• WHAT IS BEING ASKED: In the material below, find the line containing "Hunger Strike demanding" and the line containing "Bowens Gemini GM1000PRO". Output those two lines and all lines between them exactly, without pictures.

• LISTED ENTRIES:

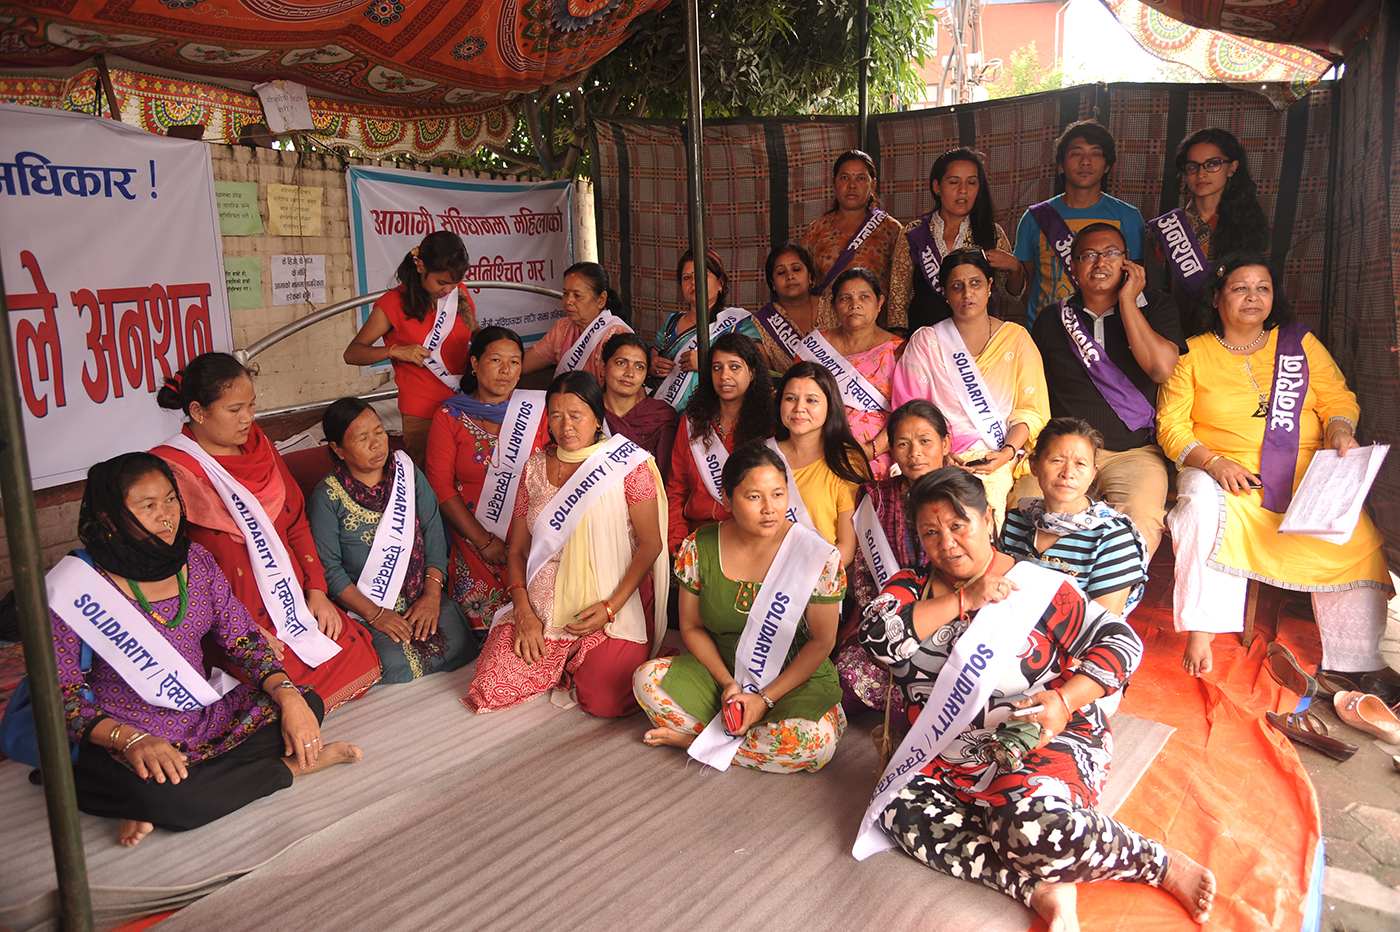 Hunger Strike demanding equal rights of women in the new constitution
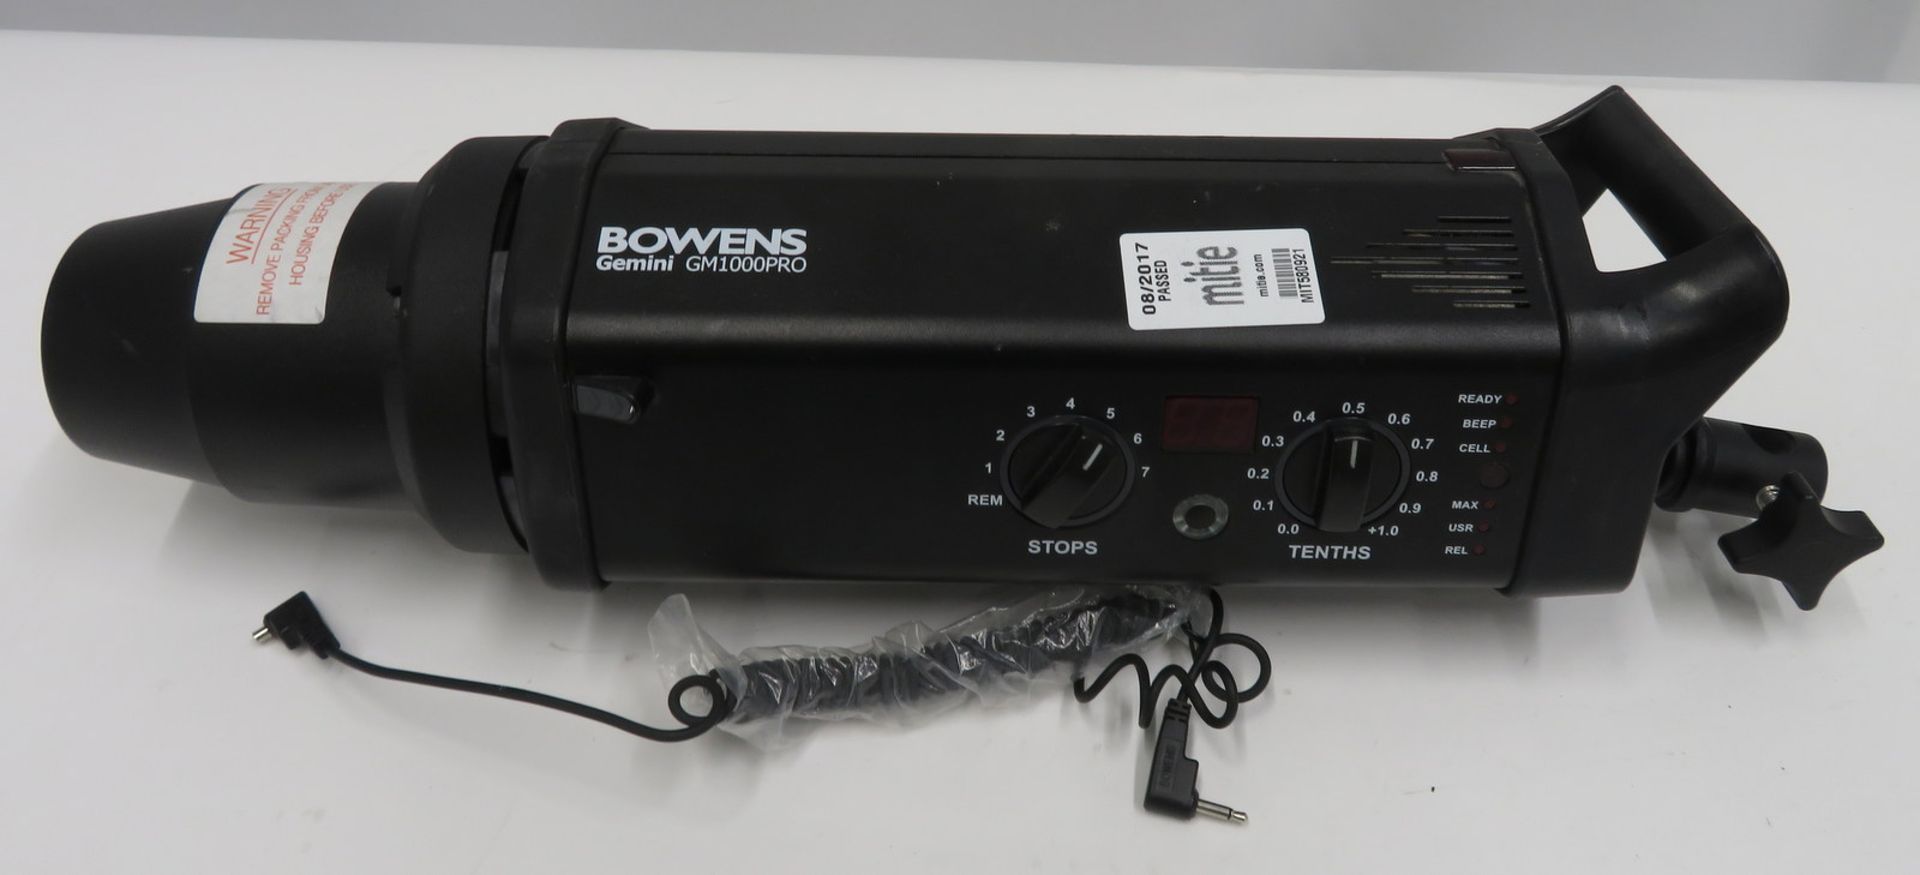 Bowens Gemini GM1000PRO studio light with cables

==

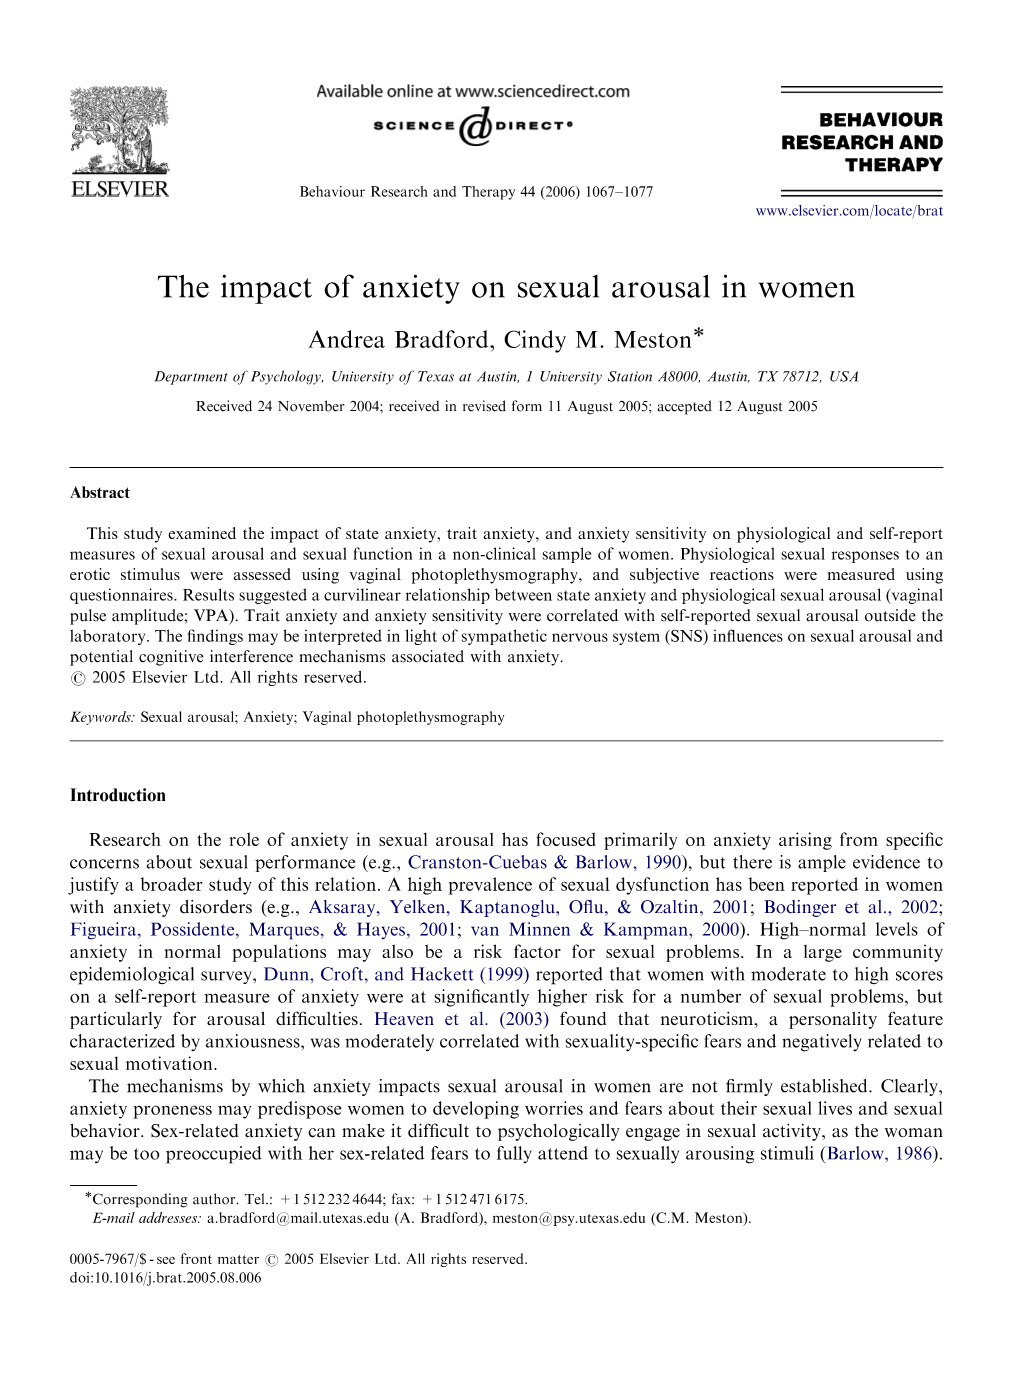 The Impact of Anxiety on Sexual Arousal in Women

• PROBLEM SOLUTION:
 Hunger Strike demanding equal rights of women in the new constitution
 Bowens Gemini GM1000PRO studio light with cables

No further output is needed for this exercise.